O ex-zagueiro Duílio, que foi seu companheiro na Portuguesa durante 19 meses, e atuava na época pelo Tricolor das Laranjeiras, ficou arrasado.
“Daniel era uma pessoa do bem. Bom caráter, um cara família, sem contar o excelente profissional em todos os aspectos. Fizemos uma grande dupla de zaga na Portuguesa de Desportos. Quando nos tornamos adversários, nos encontrávamos sempre após os jogos, pois permaneceram sempre a empatia e a amizade que ficaram daquele tempo. Deixou saudades”, declarou o eterno xerife da zaga do Fluminense.
O goleiro titular Roberto Costa, Bola de Ouro da Revista Placar, em 1983 e 1984, foi outro que exaltou as qualidades do amigo.
“Foi um grande amigo que tive no futebol. Inclusive nas concentrações ficávamos no mesmo quarto. Éramos parceiros de canastra. Já como profissional, era exemplar. Tinha muita garra e instinto de liderança dentro e fora de campo. Era um excelente jogador. Senti muito a sua perda, pois éramos muito próximos”, relembrou.

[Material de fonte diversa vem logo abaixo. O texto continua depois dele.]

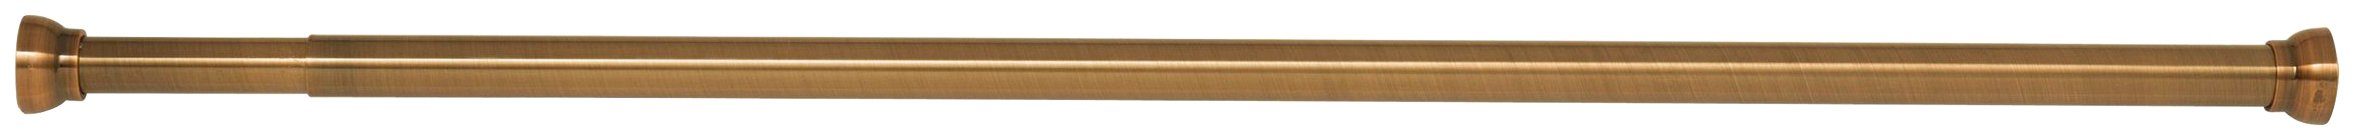 Klemmstange Kreta, spirella, Ø 21 mm, kürzbar, mit Bohren, Aluminium, für Duschvorhänge, Länge 75-125 cm gold | Gardinenstangen

O técnico Zé Mário relembra uma passagem comovente de quando ambos jogaram na Portuguesa de Desportos.
“Cheguei na Portuguesa quando ele ainda estava de férias no Uruguai. Eu estava em um hotel e procurava um apartamento para morar. Um dia saí do treino e fui à administração. Daniel me viu e perguntou onde eu estava hospedado. Informei-lhe o lugar e ele se ofereceu para me levar até lá. Respondi-lhe que não era necessário, pois o clube já tinha me disponibilizado um motorista. Mesmo assim, ele dispensou o motorista. Entrei no carro dele e fomos até a frente do hotel, eu agradeci pela carona, tencionando me despedir, mas ele me disse que queria subir até o quarto. Retruquei que minha esposa estava lá. Ele falou que iria subir mesmo assim. Pensei que ele era maluco. Avisei a minha esposa que ele vinha comigo. Bati na porta, a Bela abriu e entramos. Ele foi direto ao meu quarto e foi juntando todas as nossas roupas e jogando dentro de uma mala. Estupefato, lhe perguntei o porquê daquilo. Ele falou que iríamos ficar na casa dele. Ficamos apavorados. Eu não o conhecia e nem ele a mim. Ele foi saindo pela porta puxando as malas e não tivemos outro jeito, senão seguirmos. Eu ia falando que aquilo não estava certo e ele ia em frente. Chegamos ao seu apartamento e ele não tinha avisado nada, até porque não existia celular como hoje. Entramos de olhos arregalados. Depois me fez comprar um apartamento no mesmo condomínio dele. Só o bloco era diferente. Graças a Deus ganhei um irmão. Mantenho até hoje contato com a família. O neto tem 8 anos e almeja ser jogador de futebol”, reitera emocionado.
Daniel Gonzalez conseguiu, em sua curta trajetória pelo Vasco, impor-se e até mesmo inscrever o seu nome na galeria dos grandes profissionais que defenderam essa camisa. Jogador vibrante, de muito destemor, costumava definir-se como um homem que não admitia derrotas. Bom amigo, excelente chefe de família, deixaria um vazio imenso em todos aqueles que o conheceram e tiveram o prazer de desfrutar da sua convivência.